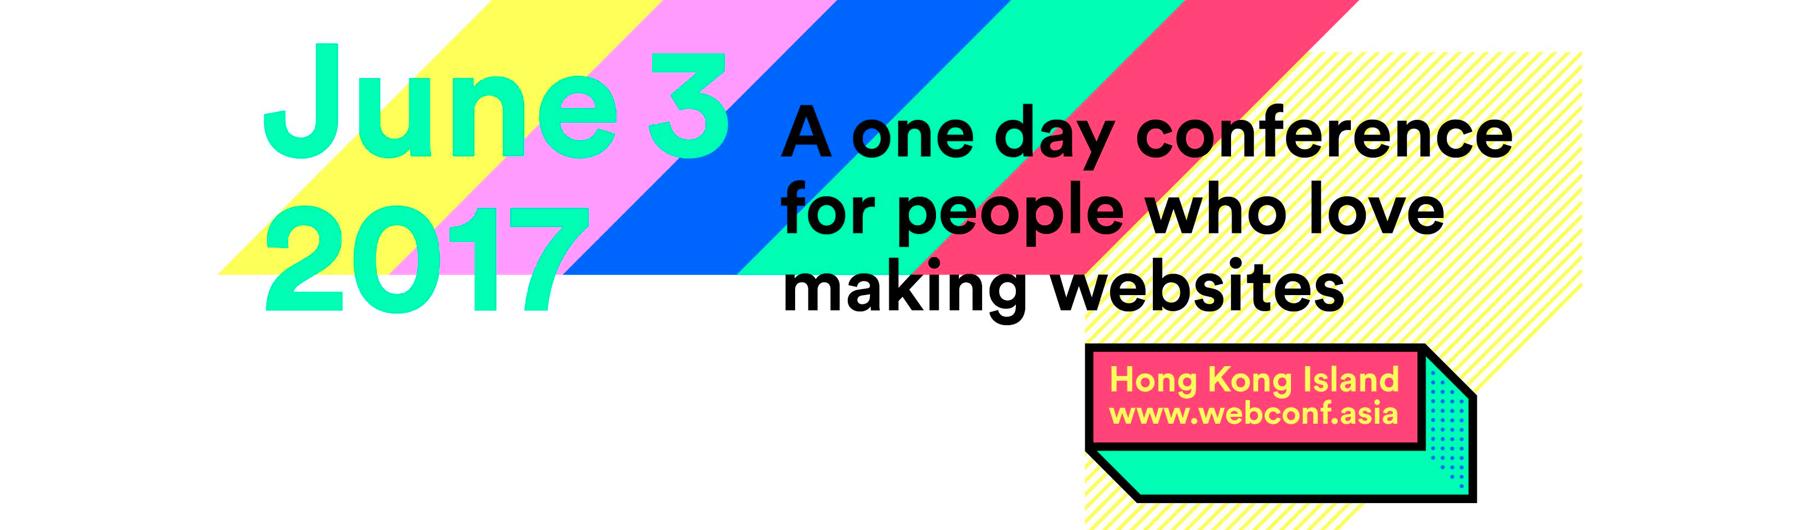 Webconf.asia 2017
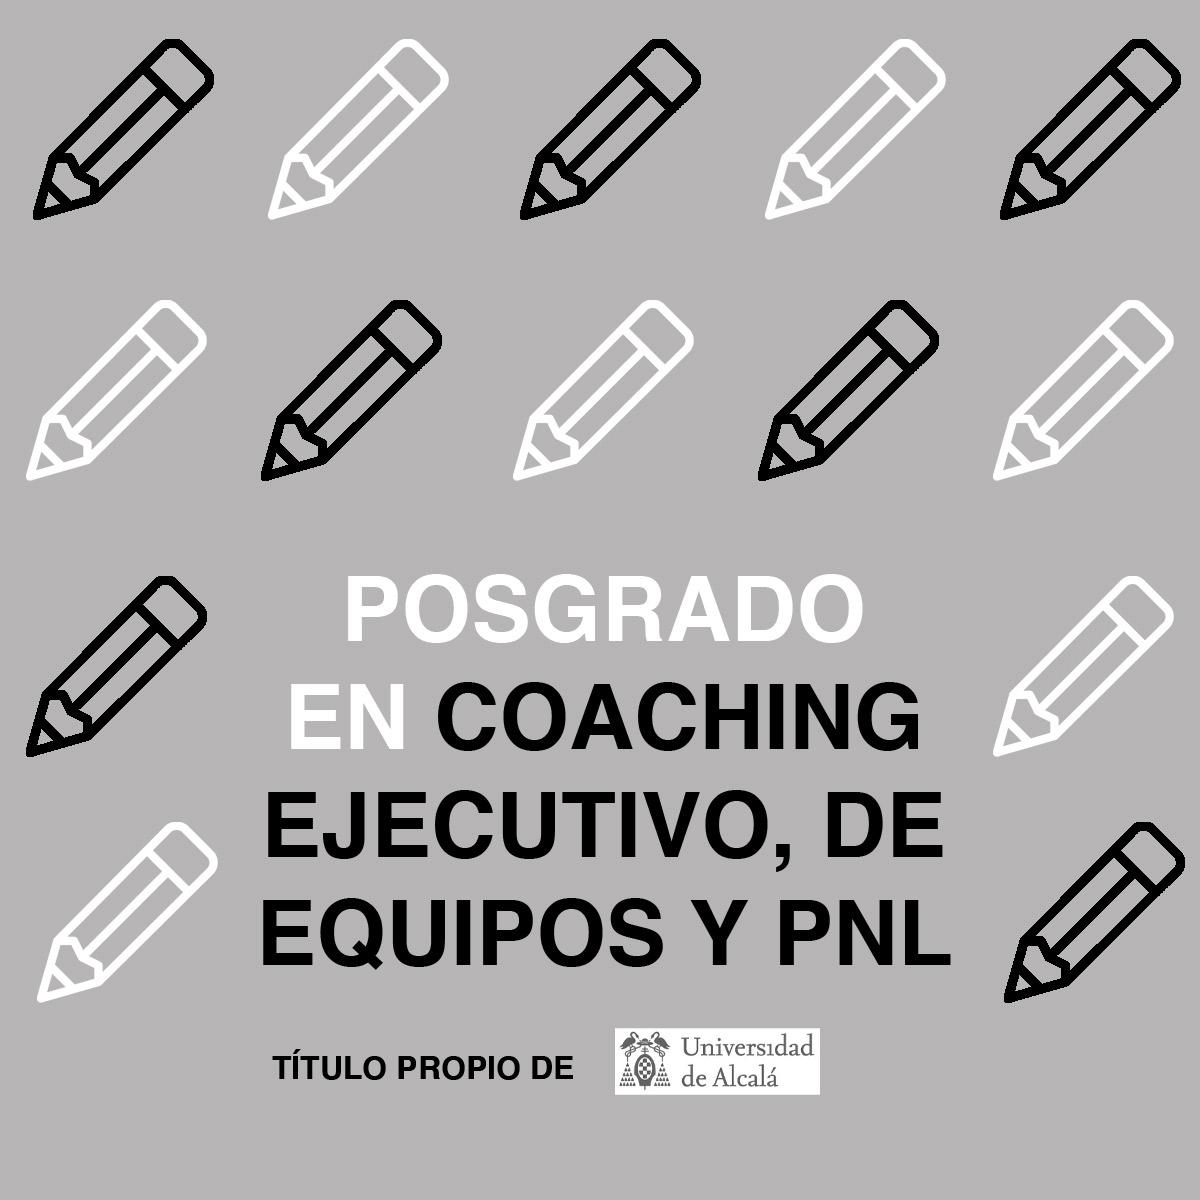 Aflora Consulting Posgrado experto coaching ejecutivo equipos pnl uah aflora consulting-formacion
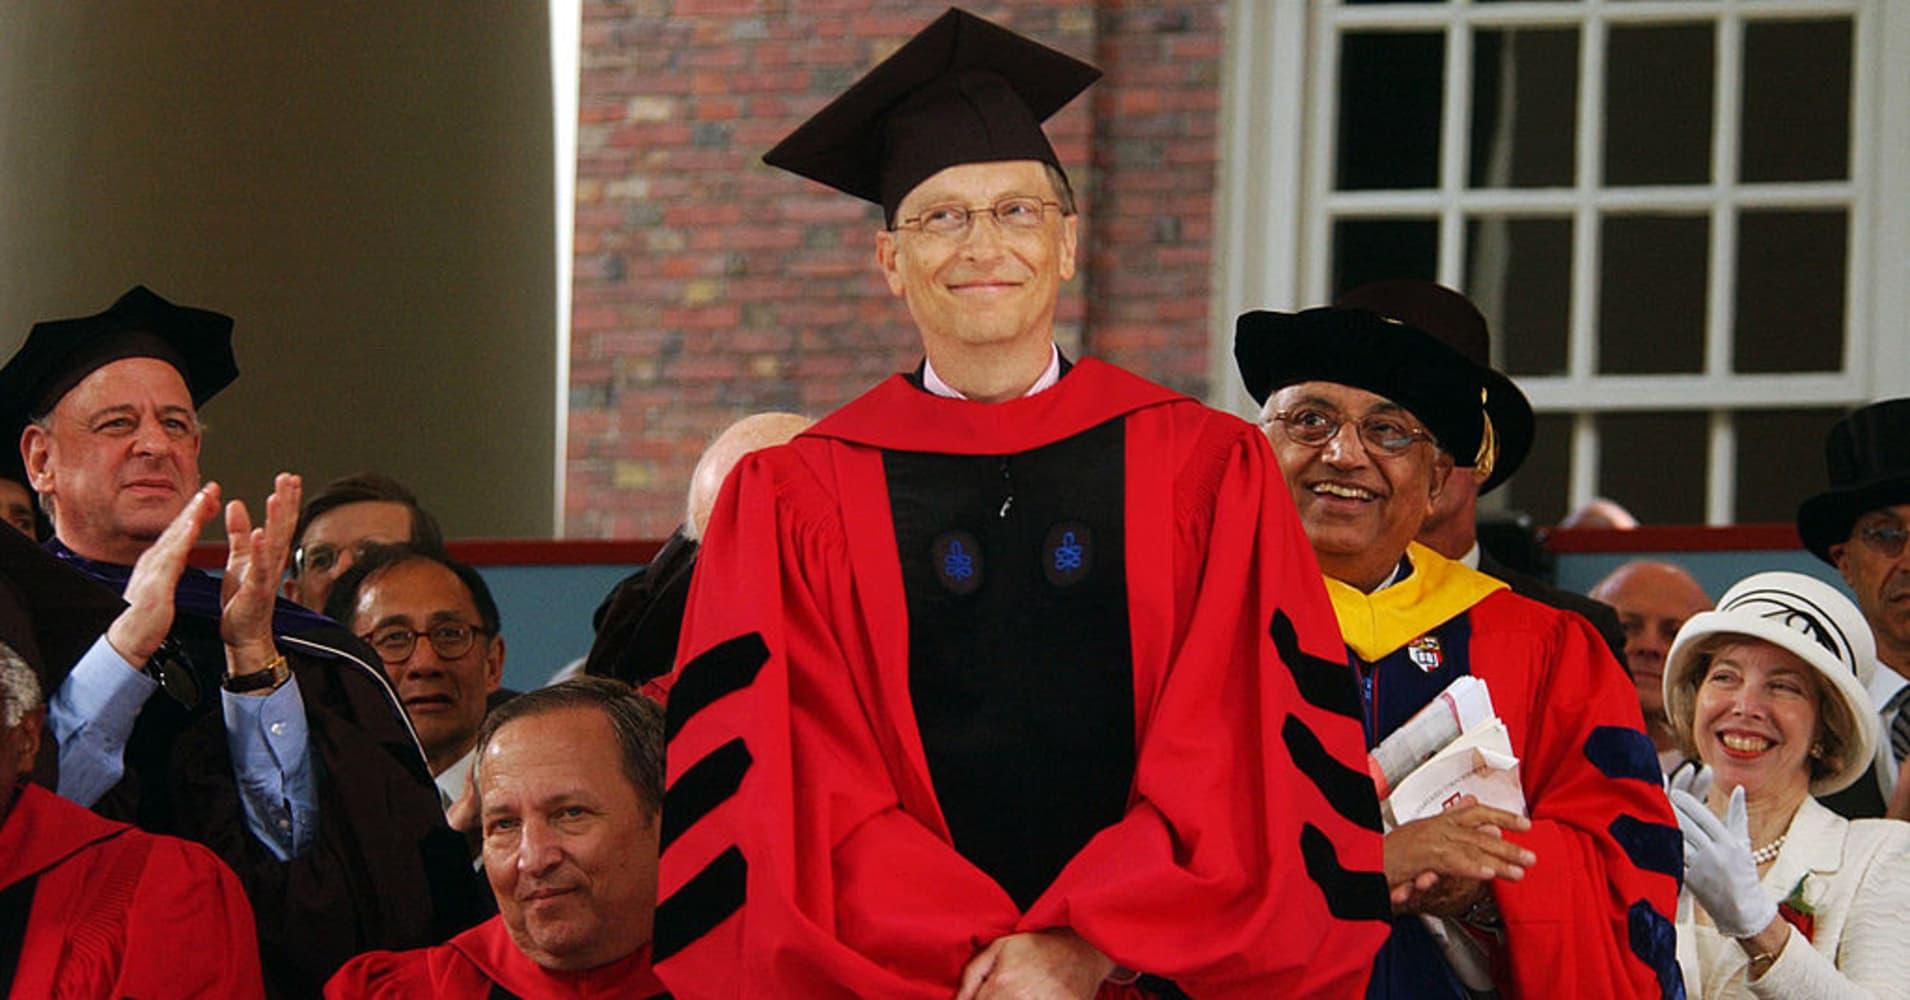 Zuckerberg should study the wisdom in Bill Gates' Harvard address

» ACTIVITY: Reproduce the data exactly, please, and omit its pictures.

» RESULT:
 Webconf.asia 2017
 Aflora Consulting Posgrado experto coaching ejecutivo equipos pnl uah aflora consulting-formacion
 Zuckerberg should study the wisdom in Bill Gates' Harvard address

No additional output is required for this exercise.